The information underpinning the research was gathered from state government departments in Victoria and New South Wales, and the Australian Bureau of Statistics.

Vinson is well aware that the report has the potential to be inflammatory, and that the stigma attached to being listed in ‘the bottom five’ communities could incite further problems. He well knows  how some government policies seem to preserve a bad situation rather than preventing them. Vinson describes such policies as ‘criminogenic’ as a culture of social problems is perpetuated by the punitive measures used to respond to them. The current methods of incarceration and punishment are one such example as the justice system is not intercepting criminals, but creating them.

In order for disadvantaged communities to benefit in the future, Vinson believes that developing health and education services is the best starting point.

‘If you apply the scales of disadvantage to particular portfolios, one question you might ask, for example, is “Is bulk billing available for these most disadvantaged areas?”.’

Similarly, providing better educational options for young people and encouraging them to complete secondary school would mean that they are less likely to enter the poverty cycle.

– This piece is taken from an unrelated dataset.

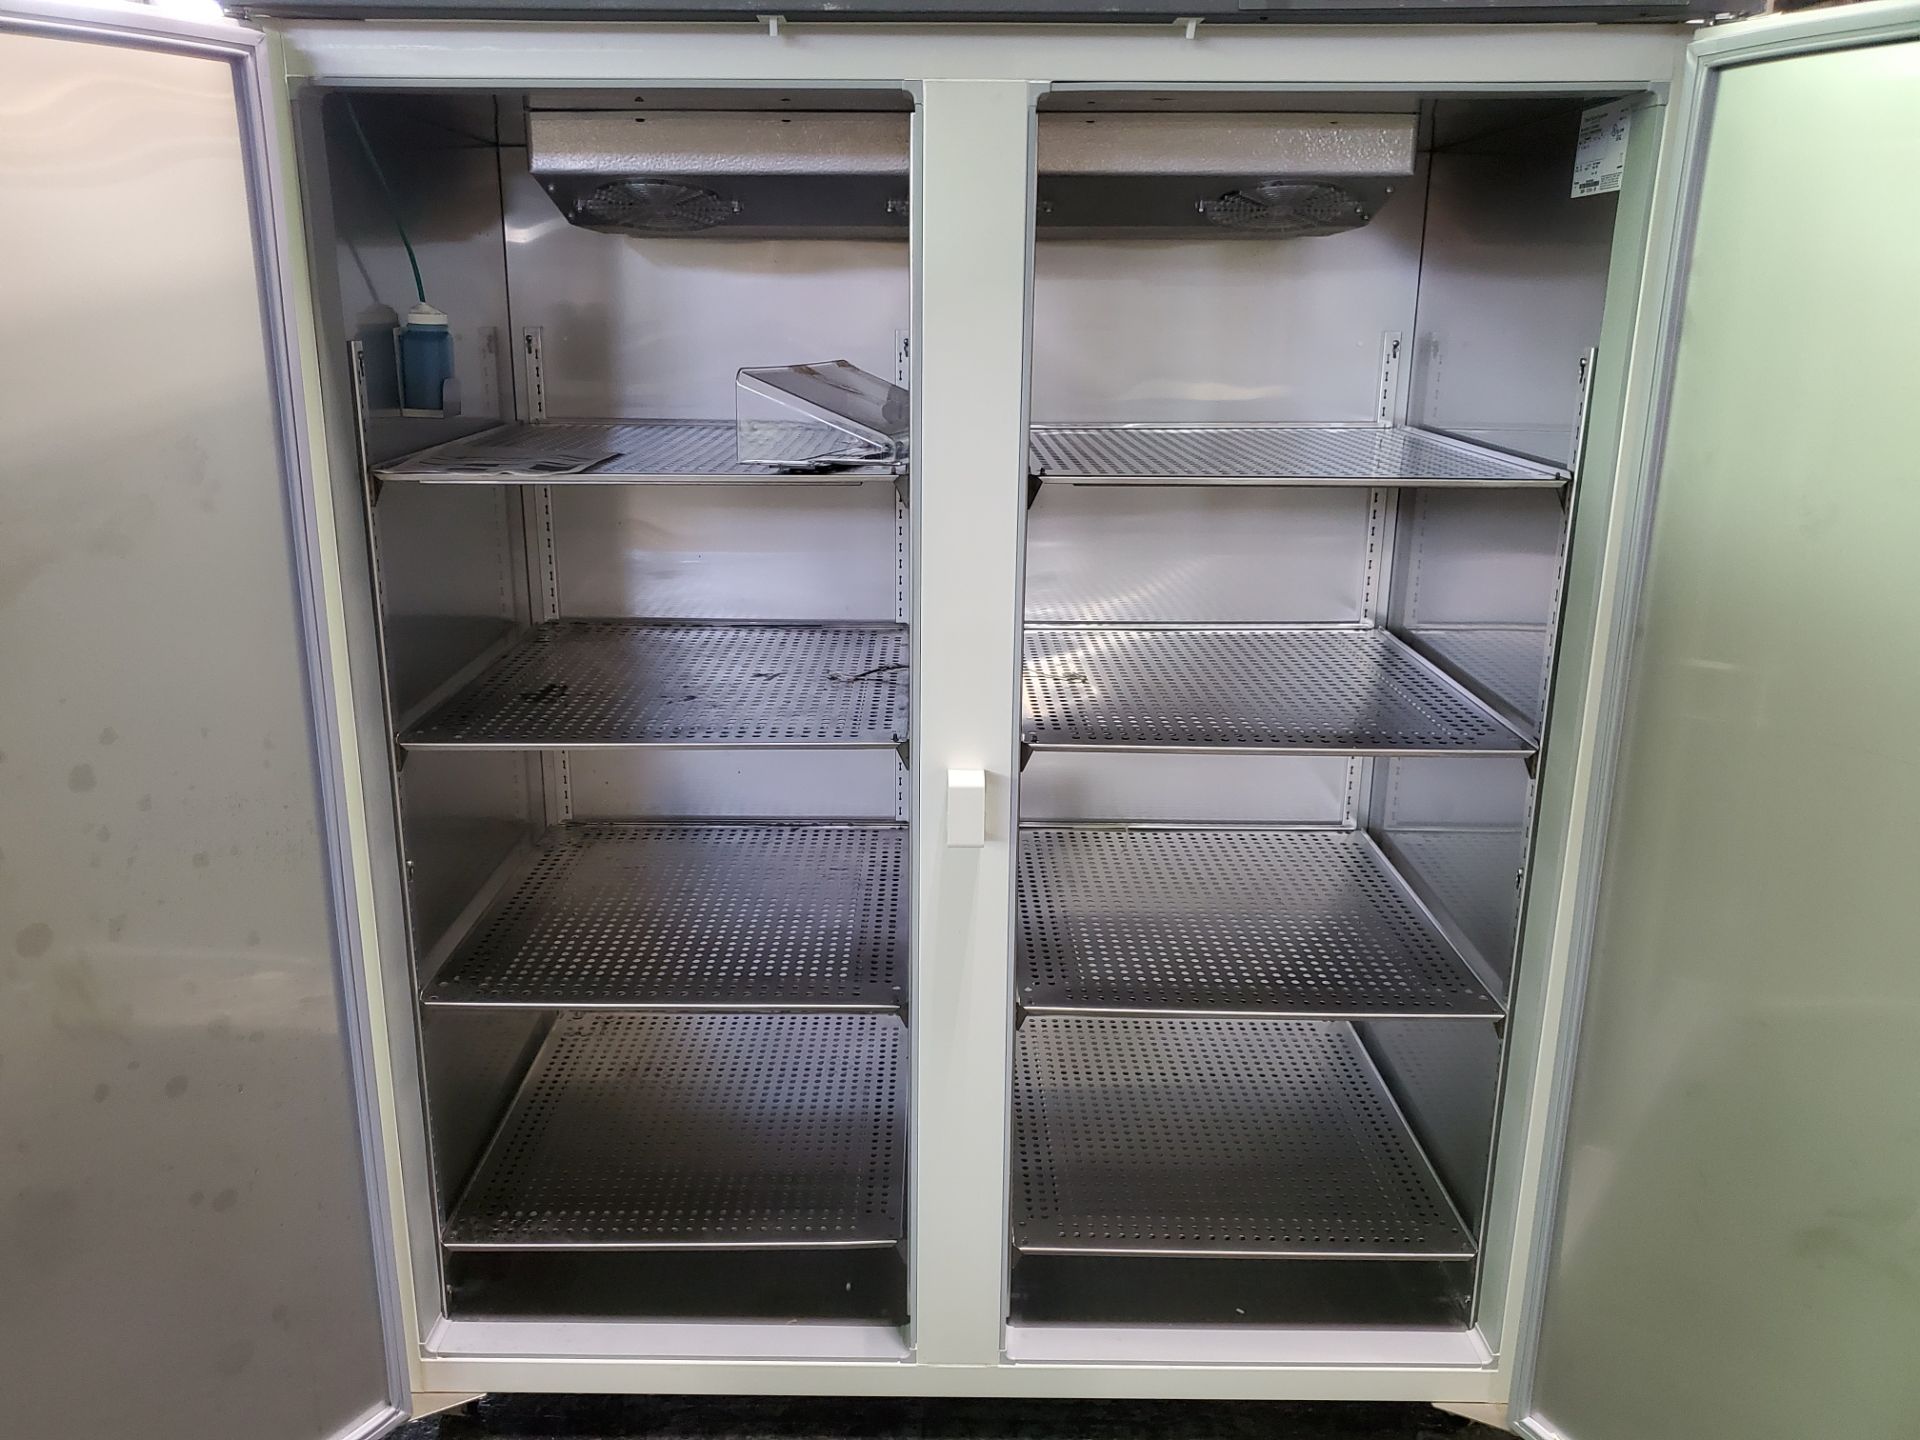 Revco/Thermo Electron Freezer, model REL5004A21, 53" wide x 25"deep x 53" high chamber, R134a - Image 5 of 7
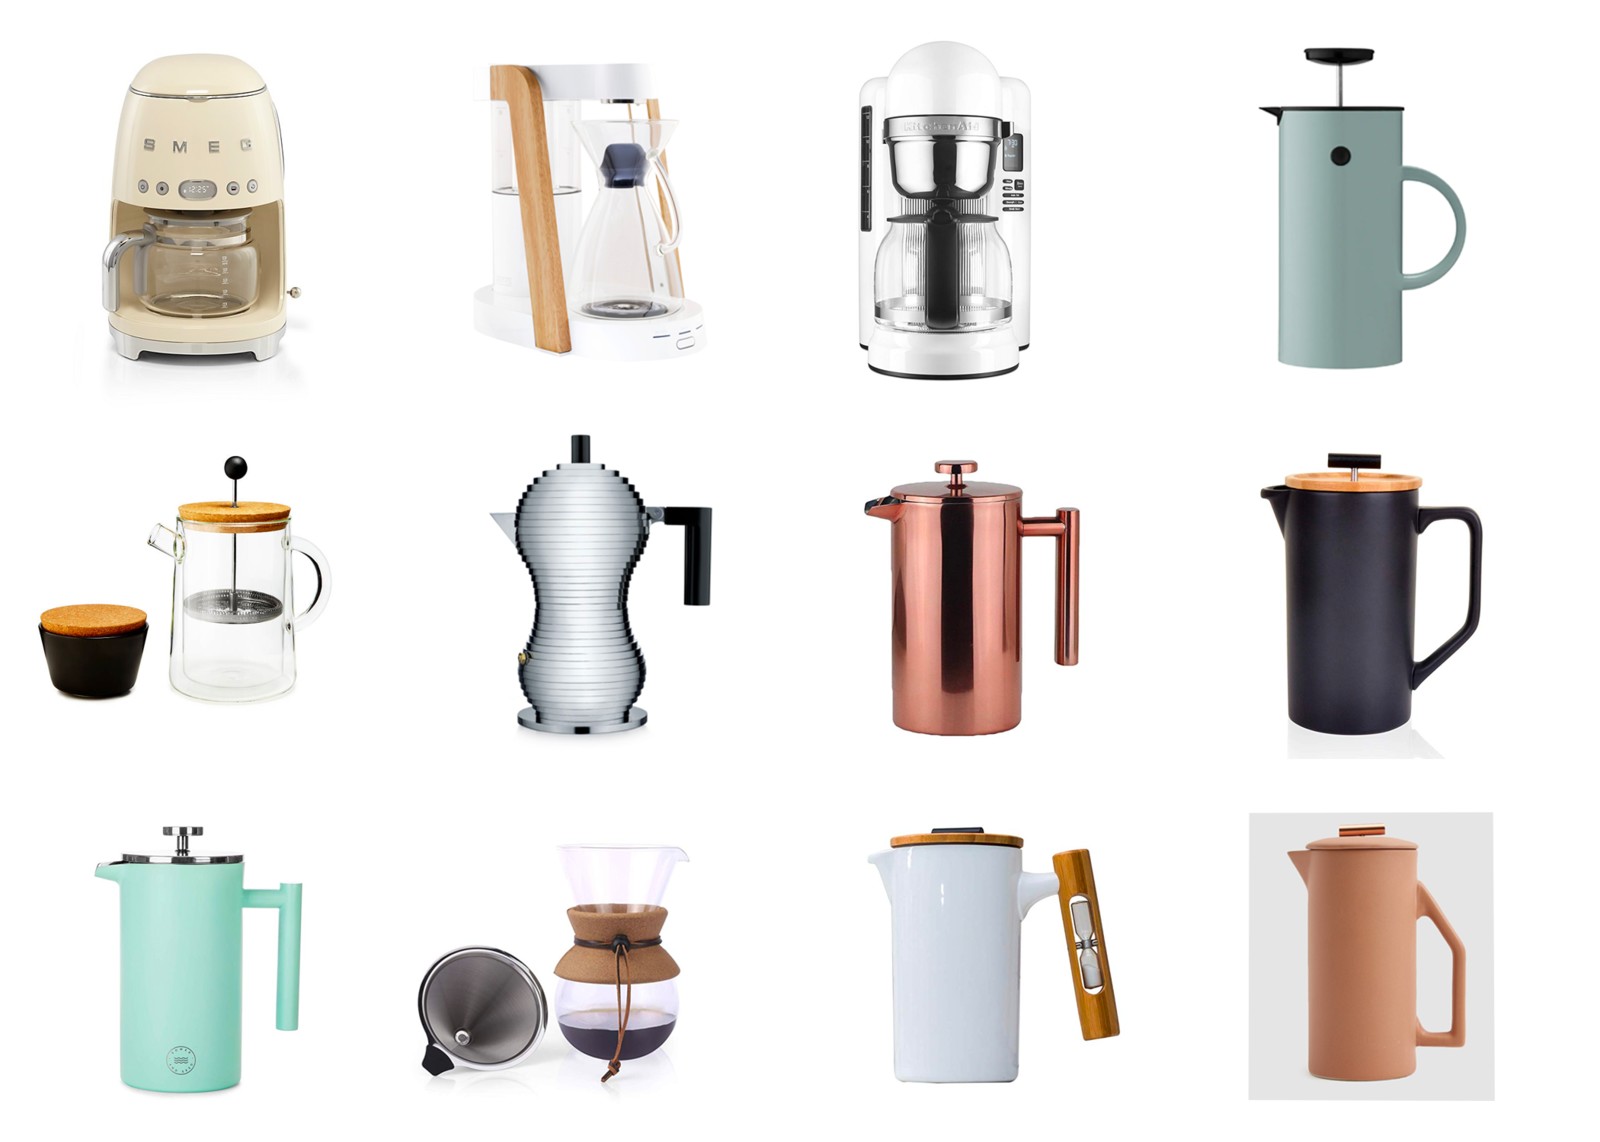 Pretty Ugly: Toasters, Coffee Makers + Dishwashing

‘Nothing better predicts what’s going to happen to you than the number of years you stay in school.’

The Community Adversity and Resilience report is available to policy makers and is likely to be valuable to a broader inquiry into poverty which could well follow the forthcoming Federal election.

The report supports the suggestion that Australia is, in general, more prosperous than it was even ten years ago, but that not all people share the benefits, and some will not benefit at all unless specific localised responses are made.

Peter Norden, concludes: ‘If for the first time in Australia’s history, one’s destiny might be shaped by one’s location, or even one’s postcode, it might be time to rethink some of the rules of the game’.

Beth Doherty is the assistant editor of Eureka Street.